Market participants often need to invest in information before deciding whether to trade. To investigate the incentive to invest in information, we studied a common-value auction in which a large number of identical, indivisible objects are sold to a large number of ex-ante identical bidders with unit demand. Before the auction, potential bidders can choose to buy information from various sources at a cost. (“Price Discovery in a Large Auction with Costly Information” with Mehmet Ekmekci.) This framework allowed us to derive the limit price distribution as a closed-form function of the costs and benefits of information. This price distribution implies that information is aggregated if the cost of information converges to zero faster than the benefit of information as the amount of information acquired converges to zero.

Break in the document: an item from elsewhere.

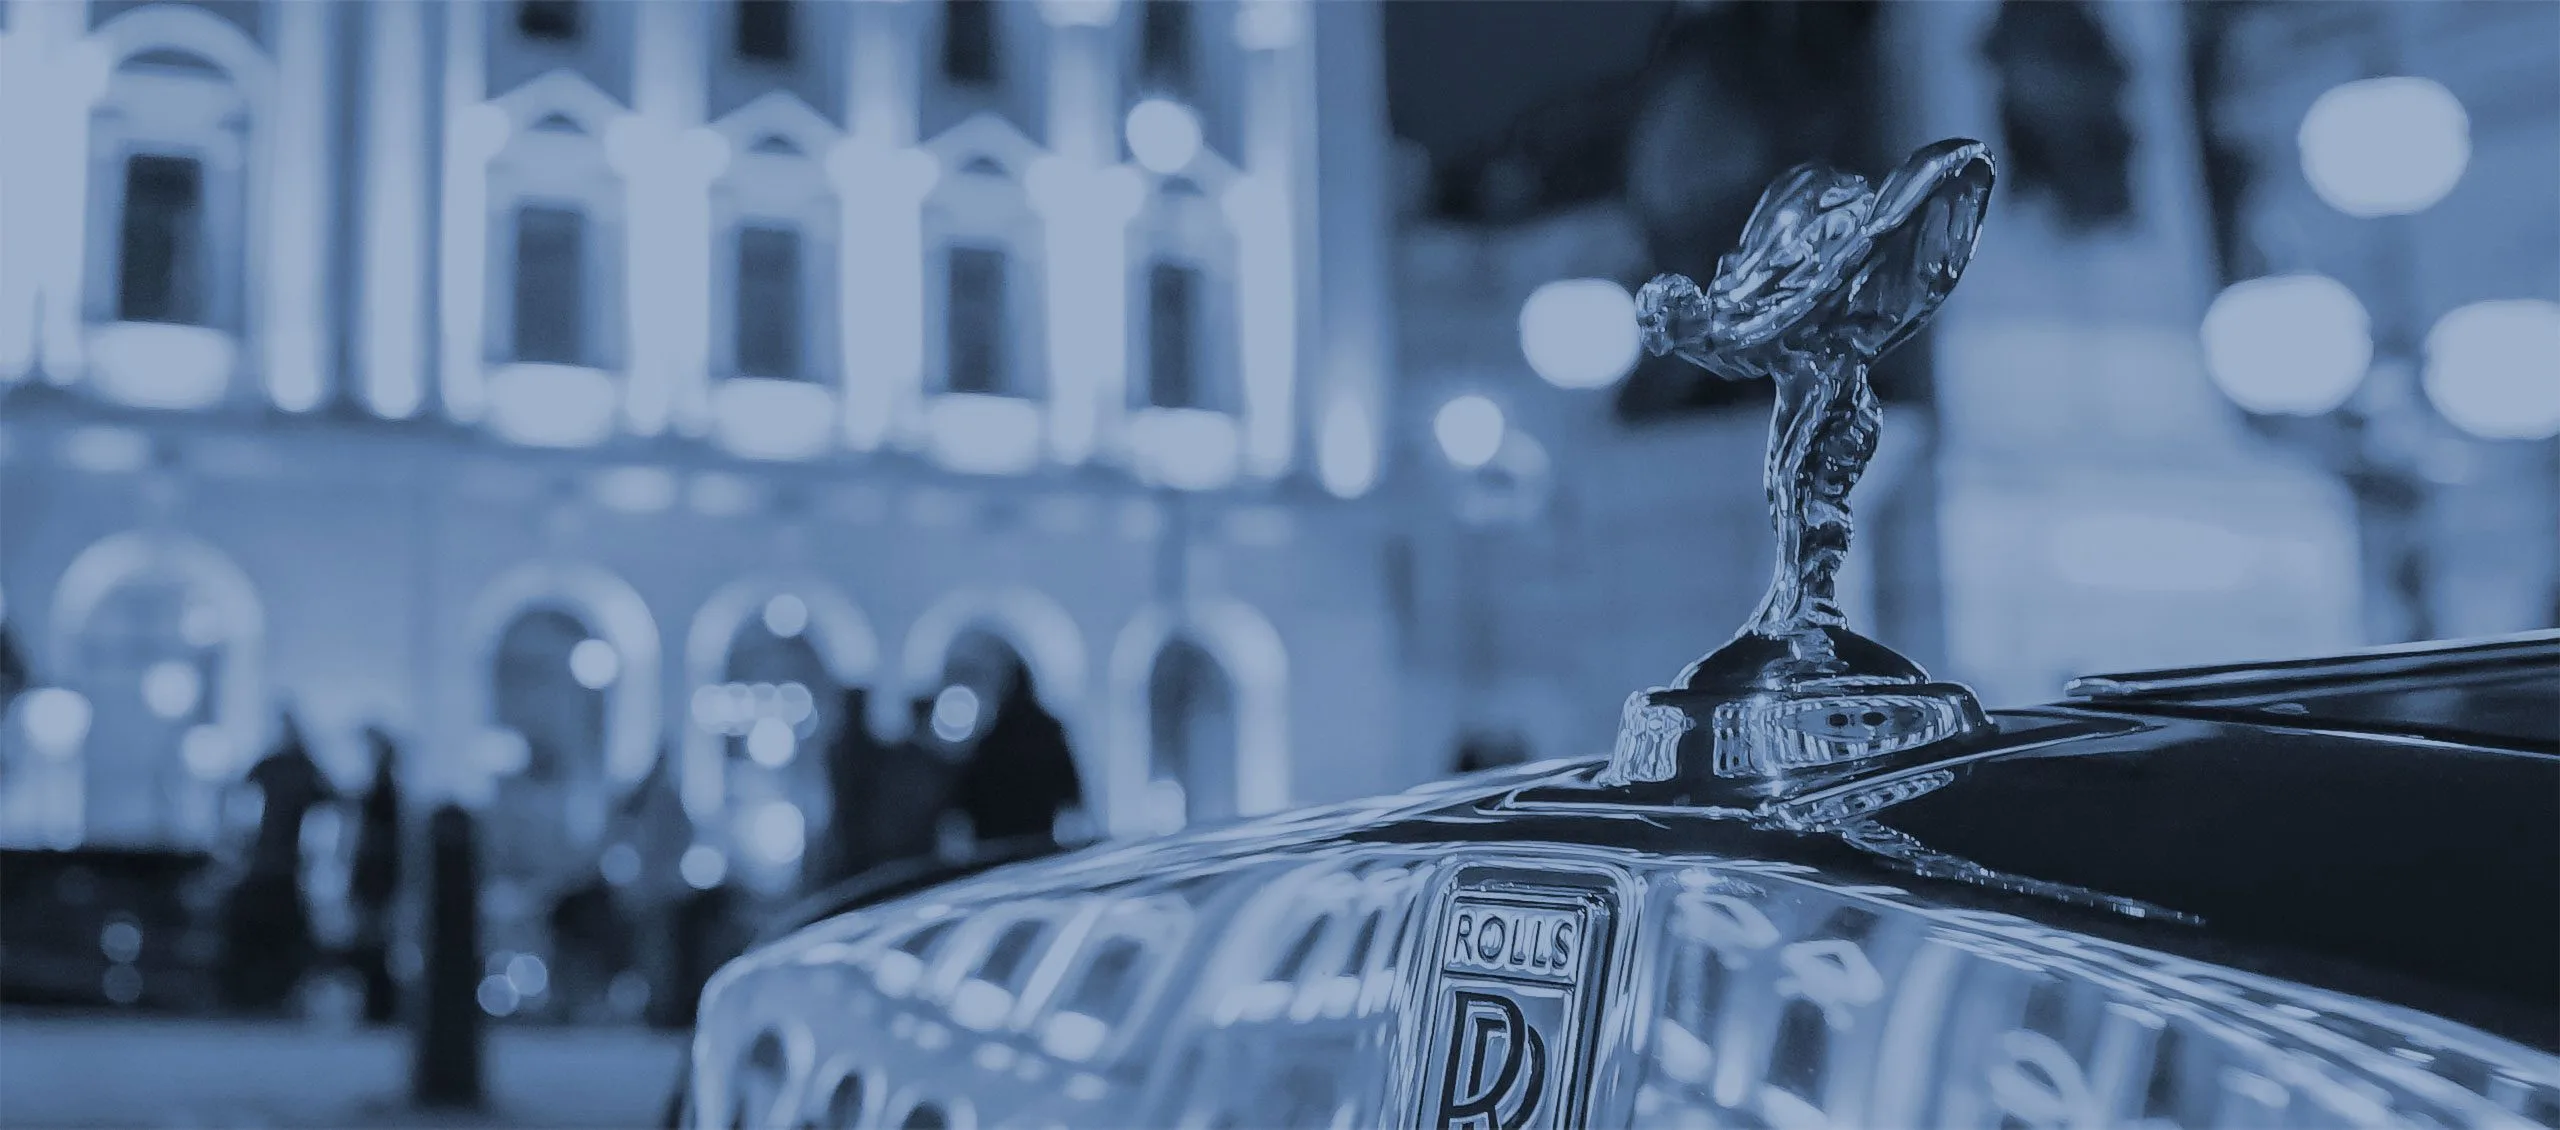 Rolls Royce Phantom Chauffeur Services London

An economic agent can also acquire information by communicating with an expert. As part of this project, we studied communication between an informed expert and an uninformed decision-maker, whose incentives are not aligned, by constructing a repeated-cheap talk game. ( “Starting Small to Communicate,” with Levent Kockesen and Elif Kubilay, Games and Economic Behavior, 2020). Either the decision-maker or the expert controls the stakes involved in their relationship. In both cases, if the potential conflict of interest is large, then the stakes increase over time in a truthful equilibrium. Moreover, as the potential conflict of interest increases, the extent to which the stakes are back-loaded increases, i.e. stakes are initially smaller but grow faster.

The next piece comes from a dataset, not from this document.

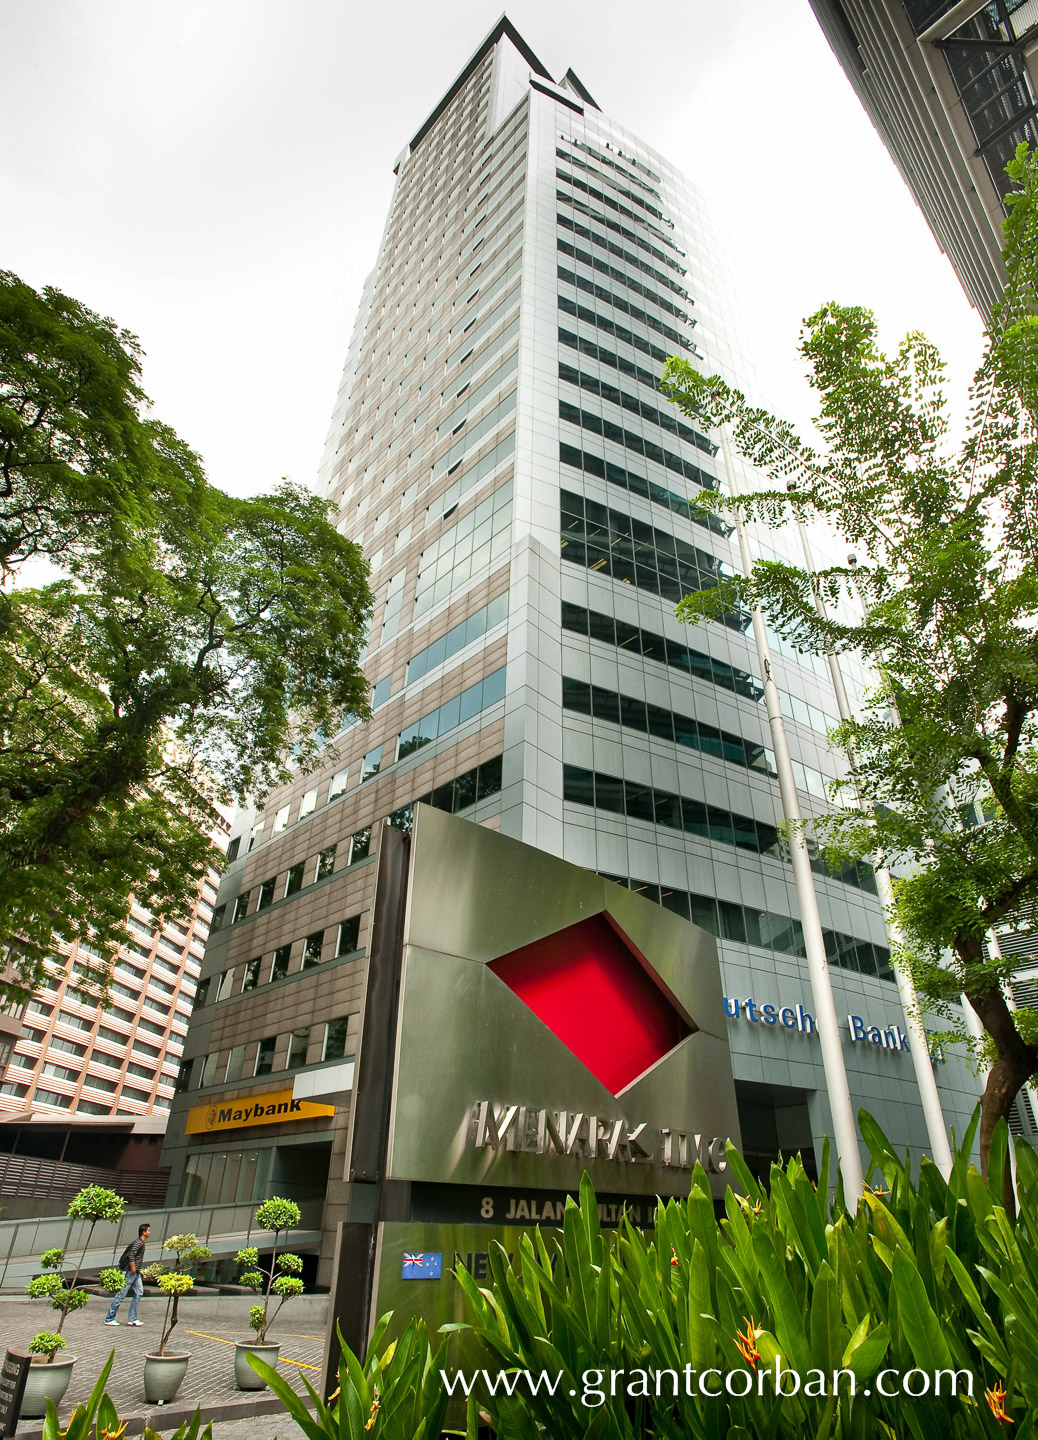 1MDB HQ Malaysia Strategic Investment Company

This project also studied communication between a decision-maker and multiple agents by constructing a cheap-talk game where two experts first choose what information to acquire and then offer advice to a decision-maker whose actions affect the welfare of all. ("Cross-verification and Persuasive Cheap Talk" with Mehmet Ekmekci and Ludovic Renou.) In our framework, the experts cannot commit to reporting strategies. Yet, we show that the decision-maker’s ability to cross-verify the experts’ advice acts as a commitment device for the experts. In particular, we construct an equilibrium, where an expert’s equilibrium payoff is equal to what he would obtain if he could commit to truthfully revealing his information.